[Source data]
========================================

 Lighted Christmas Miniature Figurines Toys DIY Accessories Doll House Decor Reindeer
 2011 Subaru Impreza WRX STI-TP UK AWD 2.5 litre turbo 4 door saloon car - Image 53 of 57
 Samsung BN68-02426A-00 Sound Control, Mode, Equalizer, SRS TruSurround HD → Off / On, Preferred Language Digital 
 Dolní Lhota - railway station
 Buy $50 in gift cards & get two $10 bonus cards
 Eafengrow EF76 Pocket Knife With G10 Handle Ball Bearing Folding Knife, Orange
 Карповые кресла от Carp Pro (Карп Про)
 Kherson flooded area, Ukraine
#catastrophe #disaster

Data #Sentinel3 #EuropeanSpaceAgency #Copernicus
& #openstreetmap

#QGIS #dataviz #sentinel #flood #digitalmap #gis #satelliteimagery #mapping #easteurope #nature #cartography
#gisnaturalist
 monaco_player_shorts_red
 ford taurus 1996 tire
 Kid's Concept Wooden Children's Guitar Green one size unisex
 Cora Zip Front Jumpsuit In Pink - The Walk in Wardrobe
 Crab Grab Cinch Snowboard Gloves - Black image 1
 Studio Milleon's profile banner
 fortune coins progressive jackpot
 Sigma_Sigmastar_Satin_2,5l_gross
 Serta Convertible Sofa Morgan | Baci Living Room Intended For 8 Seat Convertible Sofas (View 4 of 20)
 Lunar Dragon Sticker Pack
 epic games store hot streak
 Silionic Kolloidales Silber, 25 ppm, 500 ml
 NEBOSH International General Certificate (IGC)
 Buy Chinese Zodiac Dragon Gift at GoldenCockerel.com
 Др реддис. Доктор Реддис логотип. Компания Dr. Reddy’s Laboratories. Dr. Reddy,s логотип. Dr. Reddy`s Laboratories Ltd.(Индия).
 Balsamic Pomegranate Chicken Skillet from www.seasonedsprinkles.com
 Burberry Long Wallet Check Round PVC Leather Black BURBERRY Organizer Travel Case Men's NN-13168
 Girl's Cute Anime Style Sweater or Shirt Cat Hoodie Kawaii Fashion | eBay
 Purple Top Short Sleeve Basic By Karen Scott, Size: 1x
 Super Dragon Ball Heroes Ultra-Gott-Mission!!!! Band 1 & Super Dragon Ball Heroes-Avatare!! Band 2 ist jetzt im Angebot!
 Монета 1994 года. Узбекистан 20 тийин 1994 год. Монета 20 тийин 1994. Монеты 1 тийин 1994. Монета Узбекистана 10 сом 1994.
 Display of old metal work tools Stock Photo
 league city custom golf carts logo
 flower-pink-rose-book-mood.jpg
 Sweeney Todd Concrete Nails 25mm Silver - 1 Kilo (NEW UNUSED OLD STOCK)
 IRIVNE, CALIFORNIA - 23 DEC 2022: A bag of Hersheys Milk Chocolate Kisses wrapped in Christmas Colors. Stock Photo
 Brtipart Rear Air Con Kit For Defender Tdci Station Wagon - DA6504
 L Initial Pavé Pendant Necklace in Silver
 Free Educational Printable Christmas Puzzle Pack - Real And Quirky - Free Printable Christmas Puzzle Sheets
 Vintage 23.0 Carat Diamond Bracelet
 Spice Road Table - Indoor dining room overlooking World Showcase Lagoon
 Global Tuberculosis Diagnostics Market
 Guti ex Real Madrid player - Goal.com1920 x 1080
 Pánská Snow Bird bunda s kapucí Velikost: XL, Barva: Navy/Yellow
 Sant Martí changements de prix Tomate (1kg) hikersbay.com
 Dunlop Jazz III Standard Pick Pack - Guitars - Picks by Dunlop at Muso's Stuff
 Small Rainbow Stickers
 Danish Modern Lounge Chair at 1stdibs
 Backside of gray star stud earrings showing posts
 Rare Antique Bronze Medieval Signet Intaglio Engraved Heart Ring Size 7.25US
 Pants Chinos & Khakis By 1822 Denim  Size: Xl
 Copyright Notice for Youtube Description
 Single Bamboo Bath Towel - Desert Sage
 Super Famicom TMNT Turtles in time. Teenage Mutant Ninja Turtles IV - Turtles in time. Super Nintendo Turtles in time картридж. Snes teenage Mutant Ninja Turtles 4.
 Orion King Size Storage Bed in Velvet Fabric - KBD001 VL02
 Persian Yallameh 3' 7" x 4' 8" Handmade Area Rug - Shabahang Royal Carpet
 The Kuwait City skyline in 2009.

========================================

**What is being asked:** Look above for the line containing "Purple Top Short". Output from there through the line containing "Single Bamboo Bath Towel - Desert Sage", exactly and inclusively.

**Written reply:**
 Purple Top Short Sleeve Basic By Karen Scott, Size: 1x
 Super Dragon Ball Heroes Ultra-Gott-Mission!!!! Band 1 & Super Dragon Ball Heroes-Avatare!! Band 2 ist jetzt im Angebot!
 Монета 1994 года. Узбекистан 20 тийин 1994 год. Монета 20 тийин 1994. Монеты 1 тийин 1994. Монета Узбекистана 10 сом 1994.
 Display of old metal work tools Stock Photo
 league city custom golf carts logo
 flower-pink-rose-book-mood.jpg
 Sweeney Todd Concrete Nails 25mm Silver - 1 Kilo (NEW UNUSED OLD STOCK)
 IRIVNE, CALIFORNIA - 23 DEC 2022: A bag of Hersheys Milk Chocolate Kisses wrapped in Christmas Colors. Stock Photo
 Brtipart Rear Air Con Kit For Defender Tdci Station Wagon - DA6504
 L Initial Pavé Pendant Necklace in Silver
 Free Educational Printable Christmas Puzzle Pack - Real And Quirky - Free Printable Christmas Puzzle Sheets
 Vintage 23.0 Carat Diamond Bracelet
 Spice Road Table - Indoor dining room overlooking World Showcase Lagoon
 Global Tuberculosis Diagnostics Market
 Guti ex Real Madrid player - Goal.com1920 x 1080
 Pánská Snow Bird bunda s kapucí Velikost: XL, Barva: Navy/Yellow
 Sant Martí changements de prix Tomate (1kg) hikersbay.com
 Dunlop Jazz III Standard Pick Pack - Guitars - Picks by Dunlop at Muso's Stuff
 Small Rainbow Stickers
 Danish Modern Lounge Chair at 1stdibs
 Backside of gray star stud earrings showing posts
 Rare Antique Bronze Medieval Signet Intaglio Engraved Heart Ring Size 7.25US
 Pants Chinos & Khakis By 1822 Denim  Size: Xl
 Copyright Notice for Youtube Description
 Single Bamboo Bath Towel - Desert Sage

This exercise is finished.